The stuff about the how the Raptors might communicate with each other lends some added sci-fi intrigue along with the existence of the Spinosaurus (despite its species never showing up on any of InGen’s genetic stable lists), but it’s never enough to deliver something new beyond the island’s already well-developed conceit. Rather than advance the mythos Crichton started (and his own rushed sequel didn’t do so either), this installment exposes how the franchise was firmly planted in a rut of telling shallow stories within a world apparently mined clean. The reignition of stakes thankfully regains our interest whether or not the end shows they were all for show, but we still find ourselves watching a disaster movie squandering the potential it once had for commentary and intelligence.

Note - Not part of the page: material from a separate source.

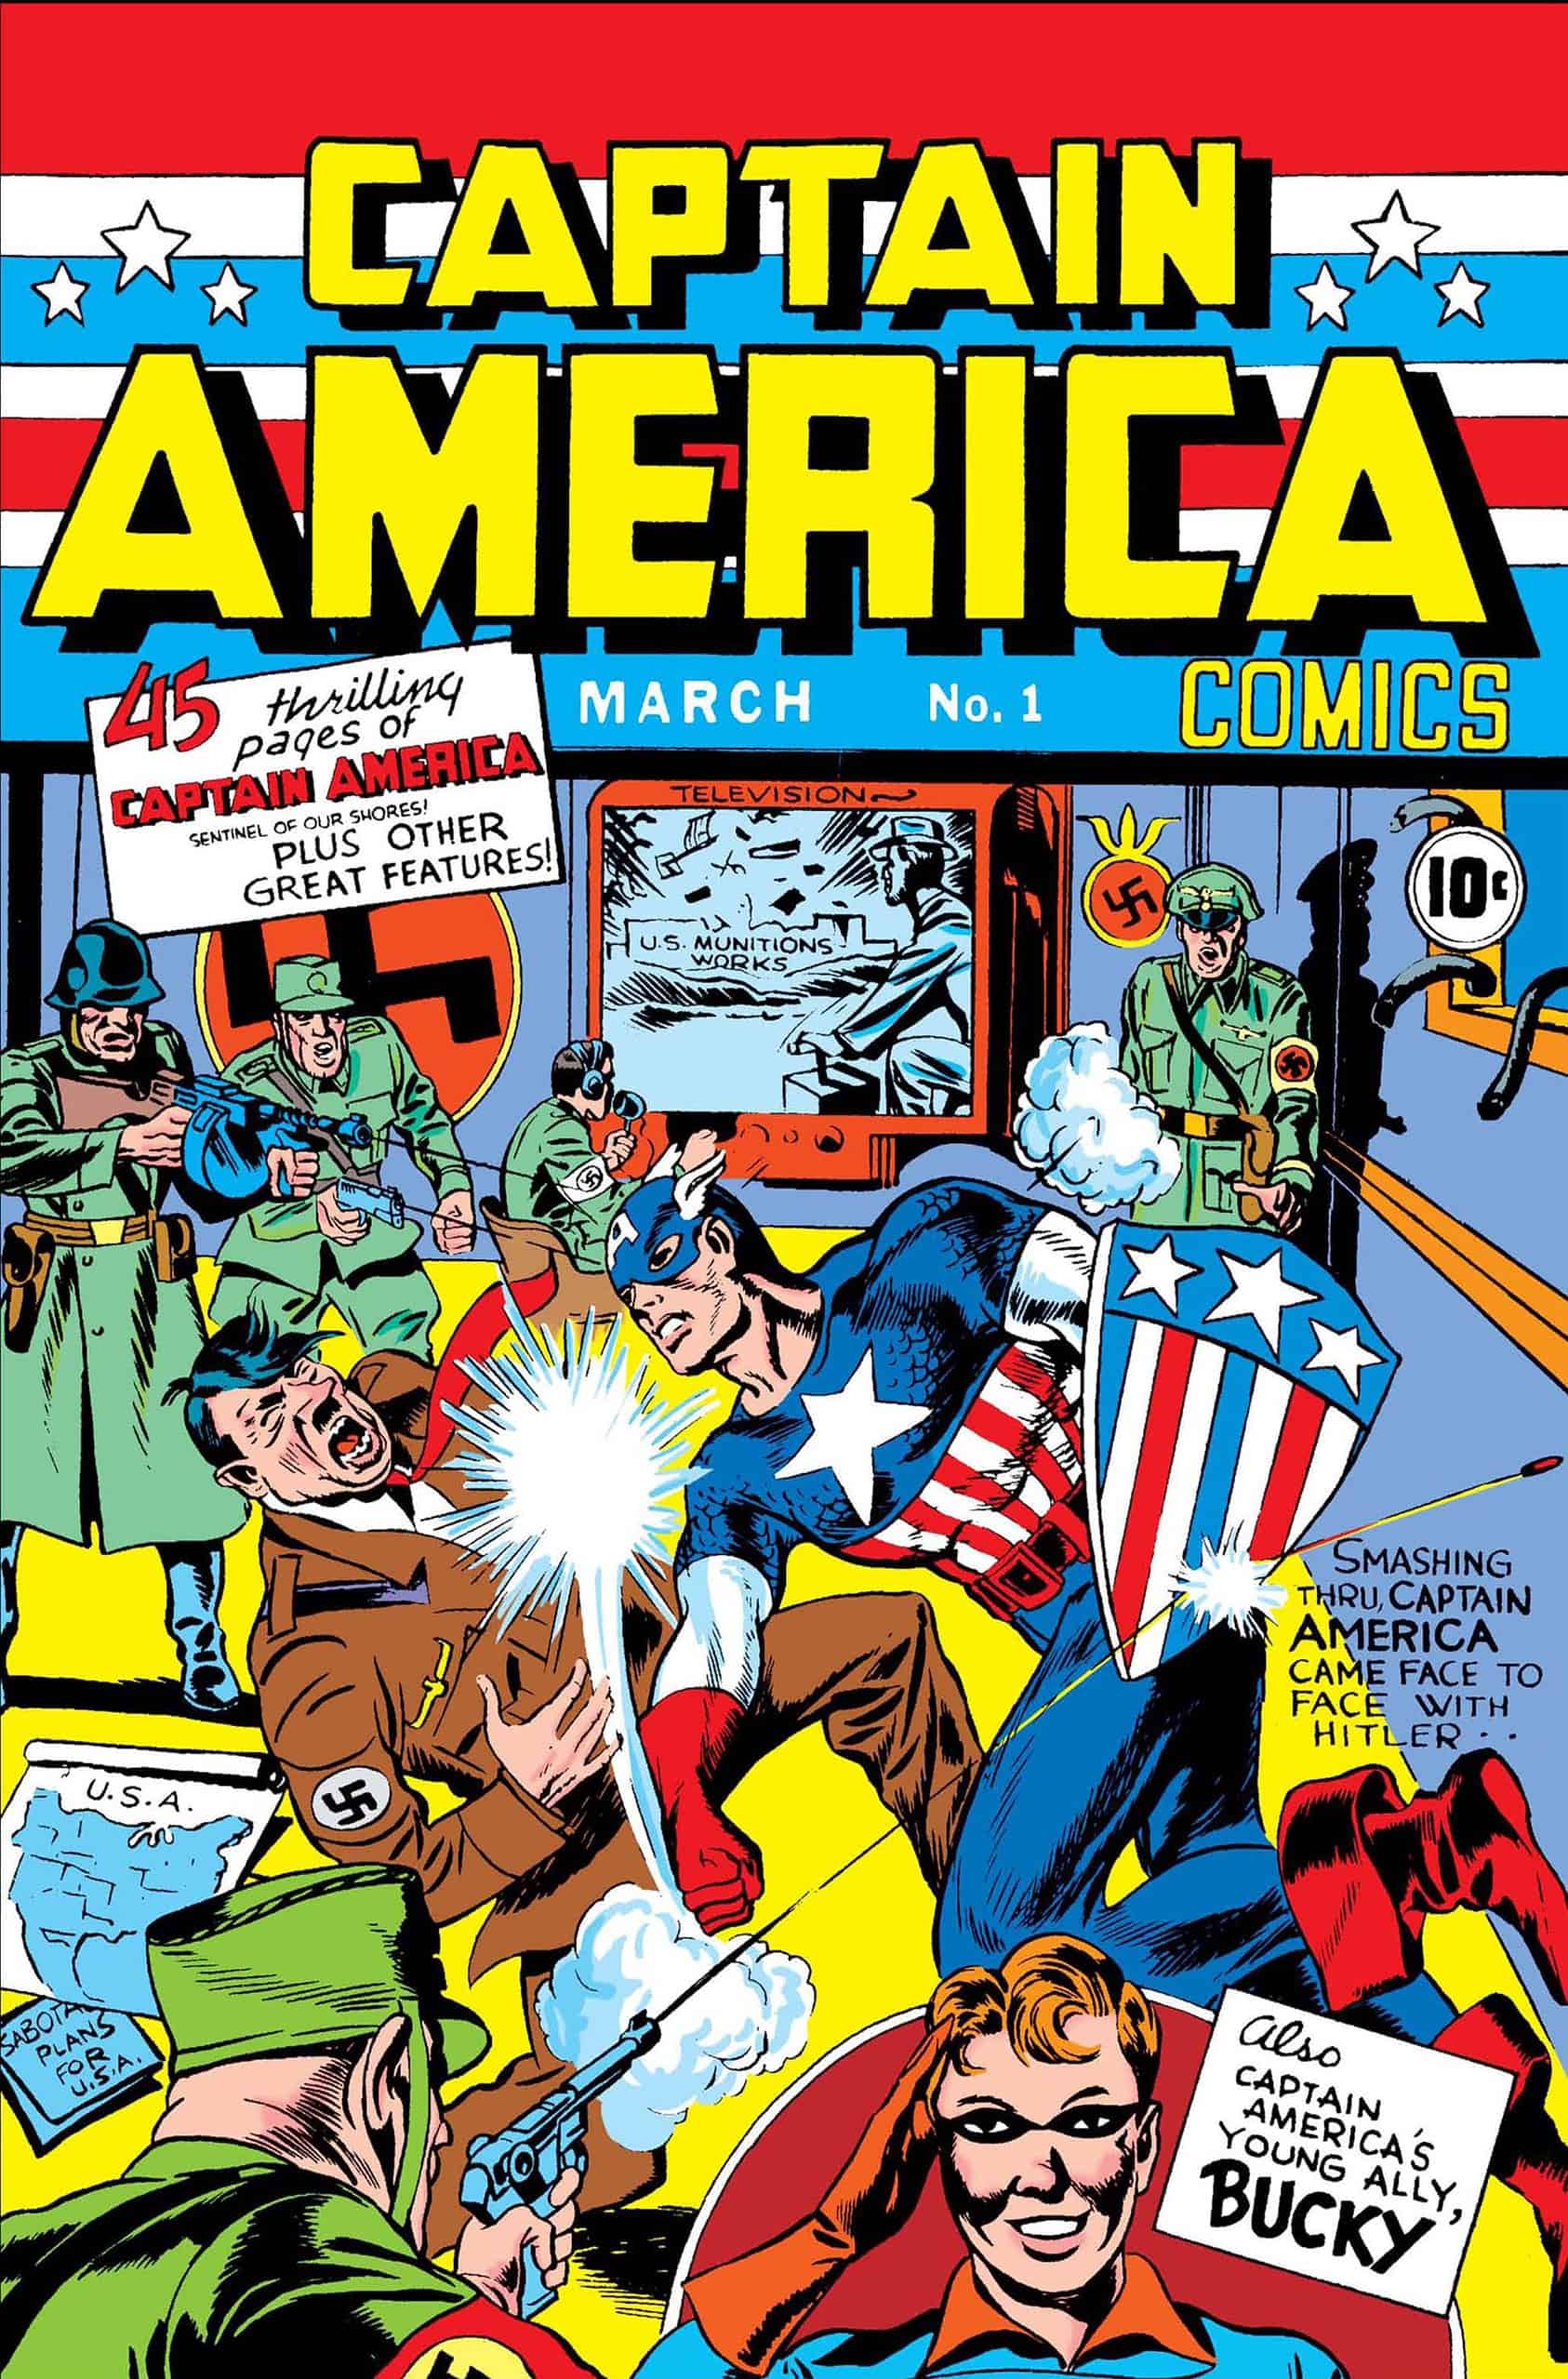 The Top 10 Most Valuable Comics of All Time
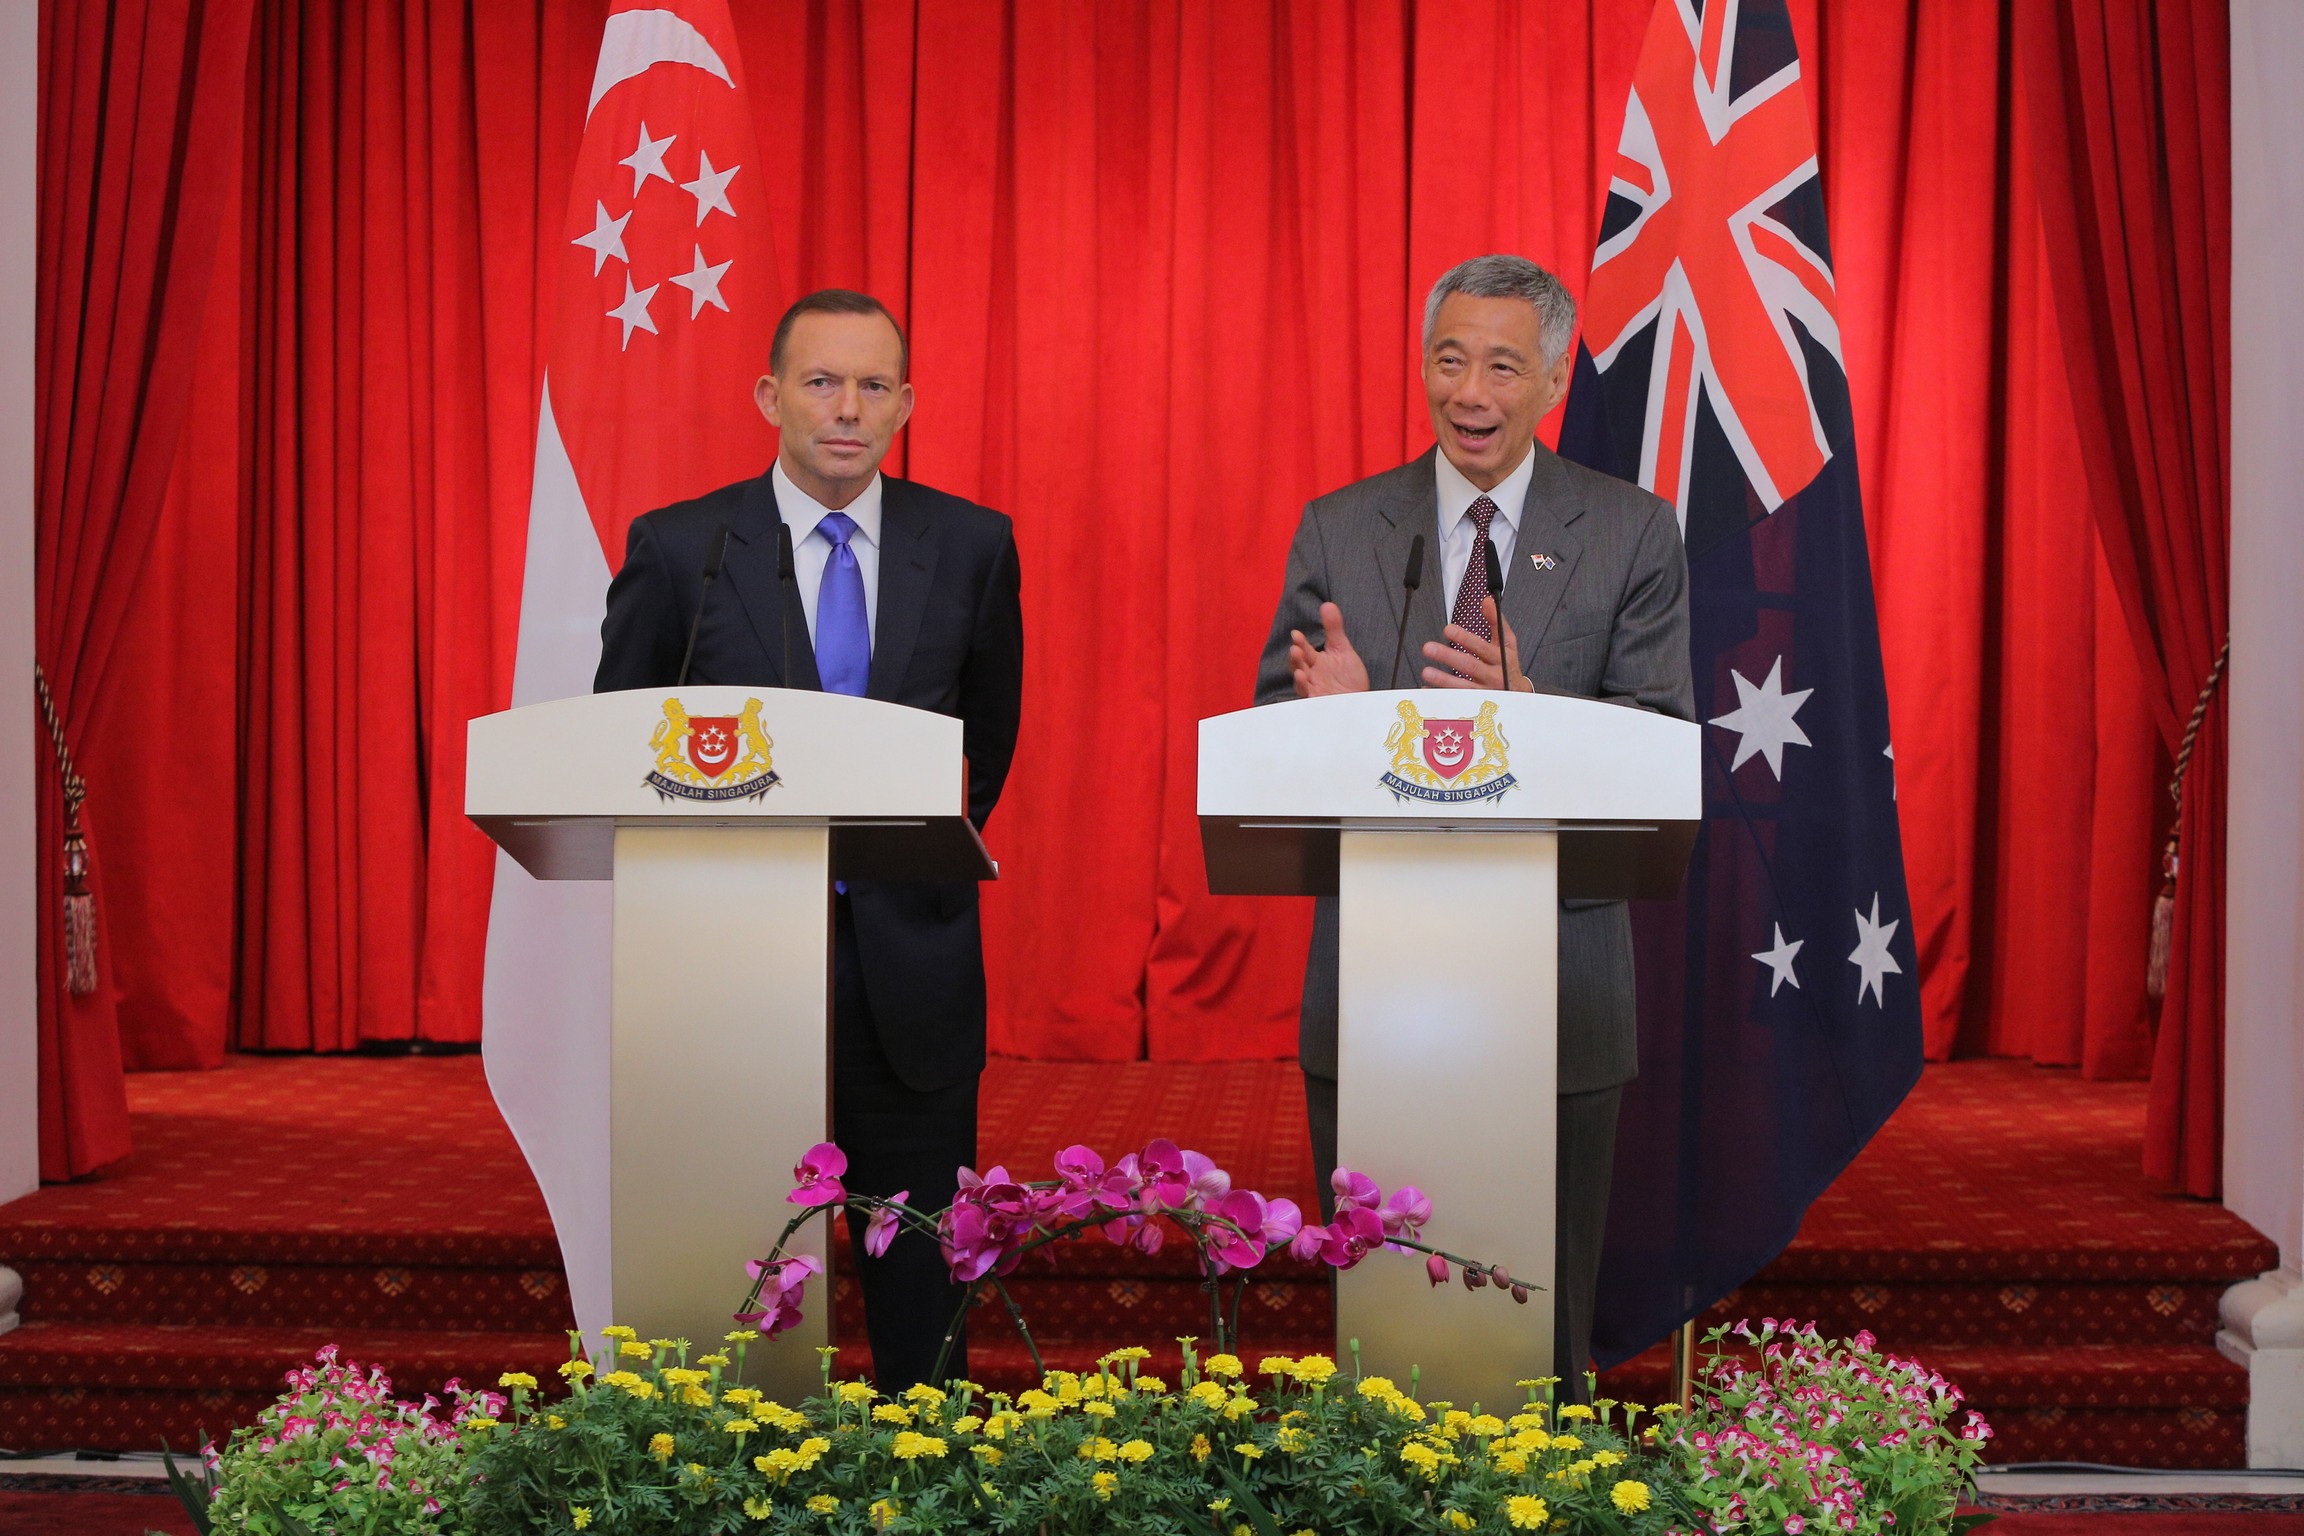 Q&A at the Joint Press Conference with Australian PM, Tony Abbott

And with the rumored half-dinosaur/half-human hybrid bandied about for a never-made fourth entry, I’m glad Spielberg and team acknowledged they were grasping at straws. This property isn’t like Crichton’s Westworld with creations cognizant and “human” enough to take control of the narrative. We can’t watch this world from the dinosaurs’ minds as they decide to hold their false Gods accountable. Despite Jurassic Park‘s complexity, it was about teaching humanity a self-contained lesson. The only avenue for continuation was to move from hubris to stupidity and luck—a change devoid of merit beyond mindless carnage. We needed a reboot like Jurassic World to recall what made the original so great, but the jury remains out on if they can succeed where Spielberg failed in sustaining more meaningful plotlines.